28. Kısım

66 4 0
                                    

Off...
Uyandığımda yaşadığım baş ağırısından bahsetmeme gerek yok sanırım.

"Uyuyan güzel uyandı." Dedi bir ses.

Sesin geldiği yöne bakınca Selin'nin yanı başımda oturduğunu gördüm.

"Başım.."

Ayağa kalkmaya çalıştım ama kalkar kalkmaz başım döndü, yattığım yere geri düştüm.

"Yorma kendini. Nasıl hissediyorsun?" diye sordu Selin.

"Yaşıyorum diye cevap verdim."

Selin rahat tavrıyla konuşmaya başladı.

"Ben..."

Tam o sırada bir kapı açılma sesi geldi.

İçeriye Uğur, Ege ve Ahmet'in girdiğini gördüm.

"Emre! Yaşıyorsun!" dedi Uğur.

"Öyle mi?" diye sordum.

Uğur bana öyle bir sarıldı ki kaburgalarım kırıldı sandı.

"Evet... bende.. özle.. "

"Uğur!" Dedi Ege.

Uğur hızlıca geri çekildi.

"Pardon." dedi gülerek.

Teker teker sarıldık. Onları görünce o kadar rahatladım ki bir an için mutlu hissettim kendimi.

"Beni nasıl buldunuz?" diye sordum.

"Valla," dedi Uğur. "Bizi çok uğraştırdın. Elli tane organ kaçakcısı yakalamışızdır sayende. Ülkeye büyük hizmet ettik."

"Bir dakika."

Selin Uğur'a sert bir bakış attı.

"Bir organ kaçakçısının elinde olduğumu nereden biliyordunuz?" diye sordum.

Selin: "Ben.."

"Ben biliyordum." dedi bir ses.

İçeriye amcam girdi.
Amcama sert bir bakış attım.
"Nasıl?"

"Ekrem'in kanını istediğini biliyordum. Bu yüzden arama alanımız daraltabildik."

Etrafa bakındım.

"Başka kim biliyordu?"

"Sadece ben." dedi amcam.

Yattığım yerden kalktım. Amcama doğru yaklaştım.

"Peki ben neden bilmiyordum?" diye sordum.

"Kendi güvenliğin için sana söylememeyi tercih ettim." dedi.

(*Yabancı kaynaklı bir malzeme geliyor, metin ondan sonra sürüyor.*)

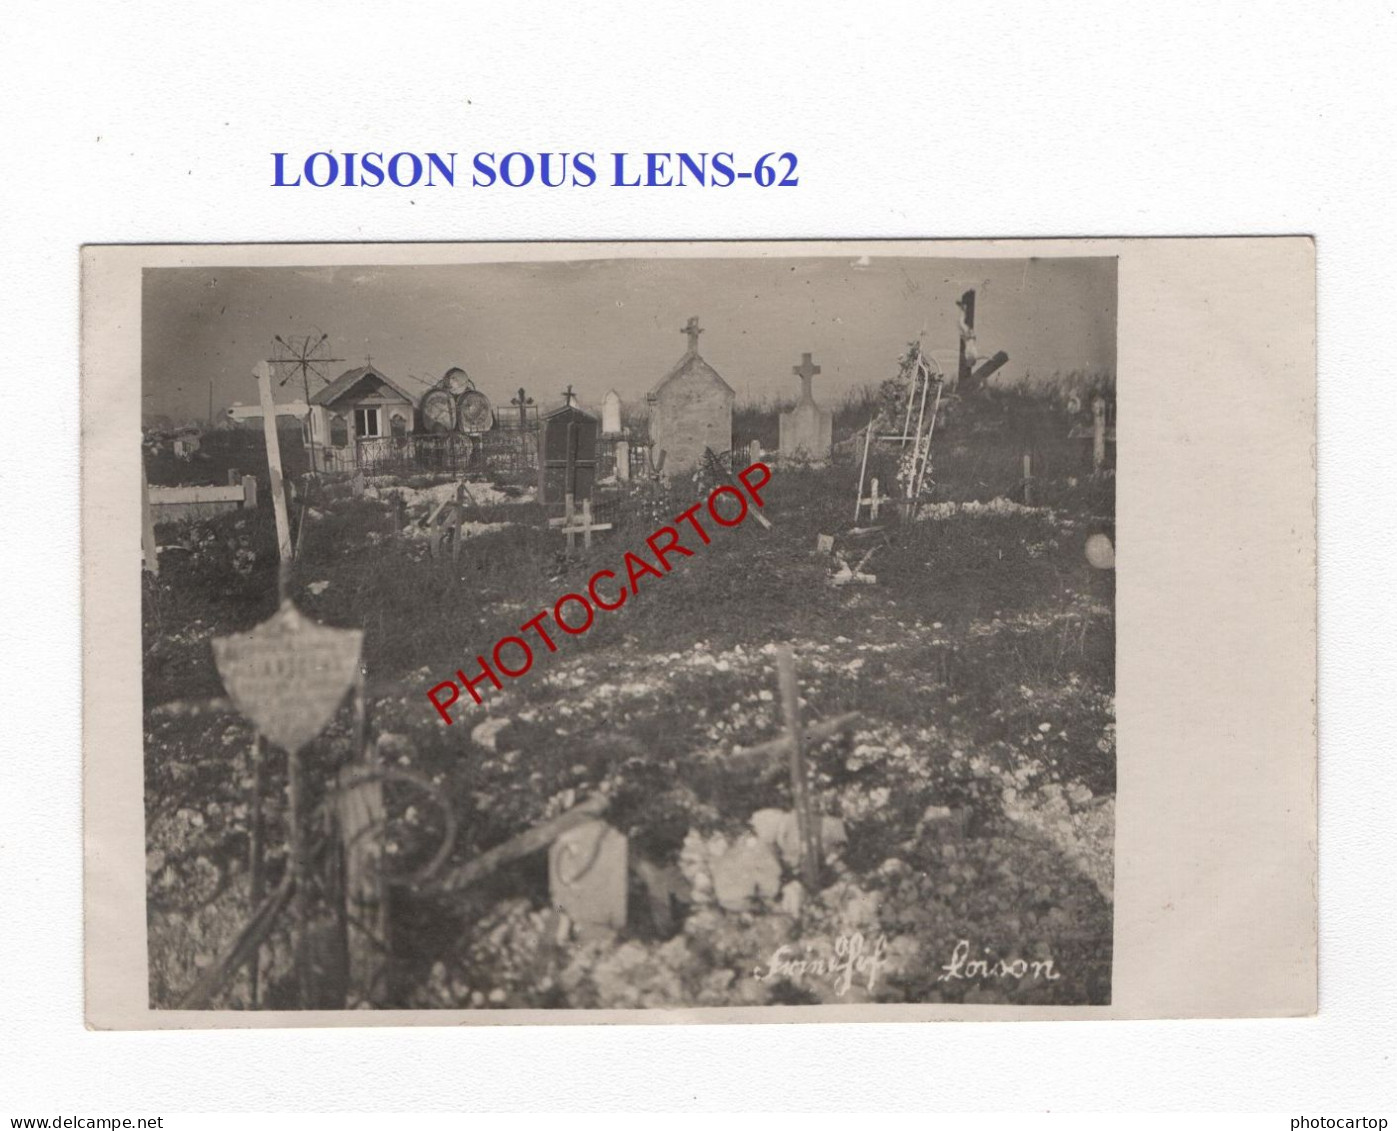 LOISON SOUS LENS-62-Cimetiere-Tombes-CARTE PHOTO Allemande-GUERRE 14-18-1 WK-MILITARIA- - War Cemeteries

"Tercih mi ettin? Ne zamandan beri benim hayatımla ilgili sen tercih yapıyorsun?"

Rıza amca yaklaştı.

"Sen, bana Rıfat'ın emanetisin. Seni korumak için her şeyi yaparım." dedi.

"Bu, sana kalmış bir şey değil." dedim.

"Ayrıca sen kimsin de bana babamın emaneti diyorsun lan? Aileme ihanet etmeden önce de böyle düşünüyor muydun ha?"

Amcam bunları söyledikten sonra bana okkalı bir tokat attı.

"Benimle ilgili hiç bir şey bilmiyorsun!" dedi.

Yumruklarımı sıktım.

Ama bir şey yapmadım. Hızlıca odadan çıkıp başka odaya geçtim, kapıyı kilitledim.

Sinirden ellerimin titrediğini fark ettim, duvara sert bir yumruk attım. Sonra yere oturdum, duvarı seyretmeye başladım.

Ailem gitti.
Evim gitti.
Aşk bitti.
Hayat acımasızlaştı.

Her dert dermanıyla doğar demişler. Peki benim dermanım nerede?